Because of the way that they have put in those shims, you can - without being
root - install a binary (or a shell script) in a user directory that acts as
if it was another program - the example I used is git.

(Interestingly, they chose to use a purpose built library to do this. Their
git shim literally just checks an environment variable and calls on a library
function to execute xcrun. I do wonder why they chose to write a program in a
compiled language instead of using a shell script. A passing thought was that
they didn't really want to publicise what they had done because they knew most
BSD fans would probably throw them brickbats... but then again, Apple seem to
be fans of binaries so it was probably not done to obfuscate anything...)

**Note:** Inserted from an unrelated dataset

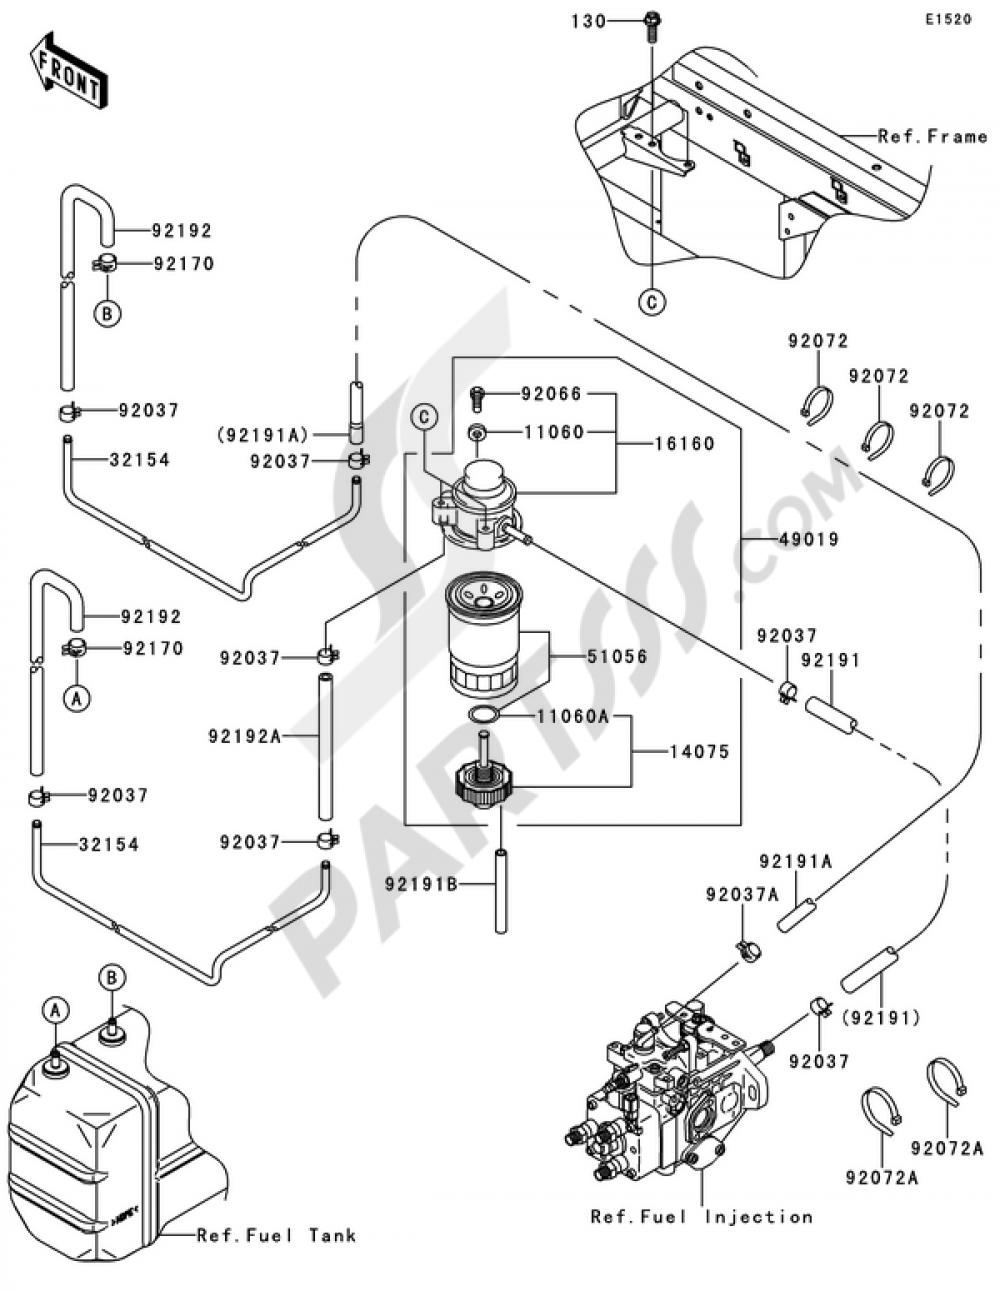 fuel pump kawasaki mule 4010 trans 4x4 diesel 2009  partsss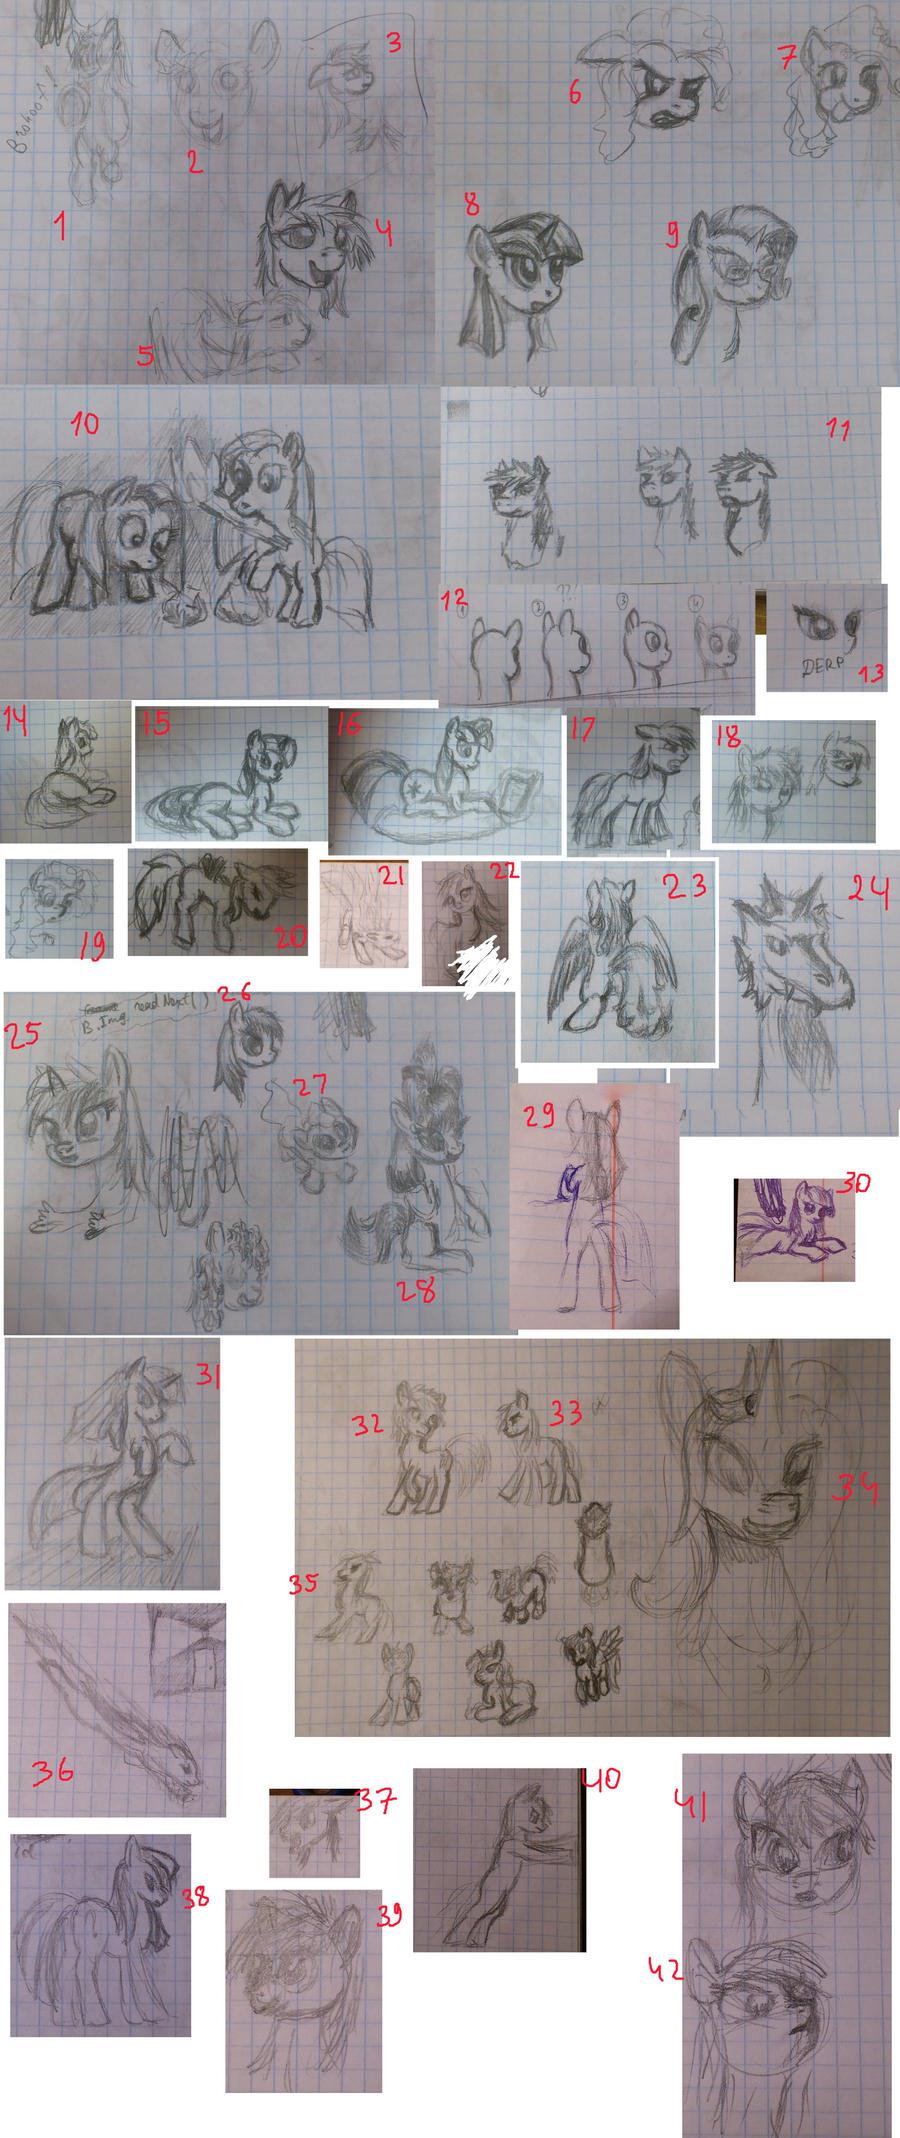 Sketchdump by Sokolas

When you say that someone who is able to change DEVELOPER_DIR or install a
fake xcrun is already in a position to do whatever malicious act they feel
like, then this is precisely the reason why Apple implemented SIP. (I am
curious why you think they prevent access to those directories even by root
though...)

A big part of SIP is preventing the end user from typing in their password to
give a malicious program access to replace certain binaries installed in the
/usr/bin directory (and a few other locations). So basically they don't want
git, or any other program, to work in a way they didn't intend - i.e. They
don't want malware authors installing a riot kit by replacing binaries.

In essence, this is what this is doing. The main difference here is that
instead of them needing to be root, they just create a directory, create a
small script update an environment variable and optionally tweak .bashrc as
the user and they have effectively added a wrapper to the XCode utility. With
no need to elevate privileges.

I'm sure you can see that is problematic?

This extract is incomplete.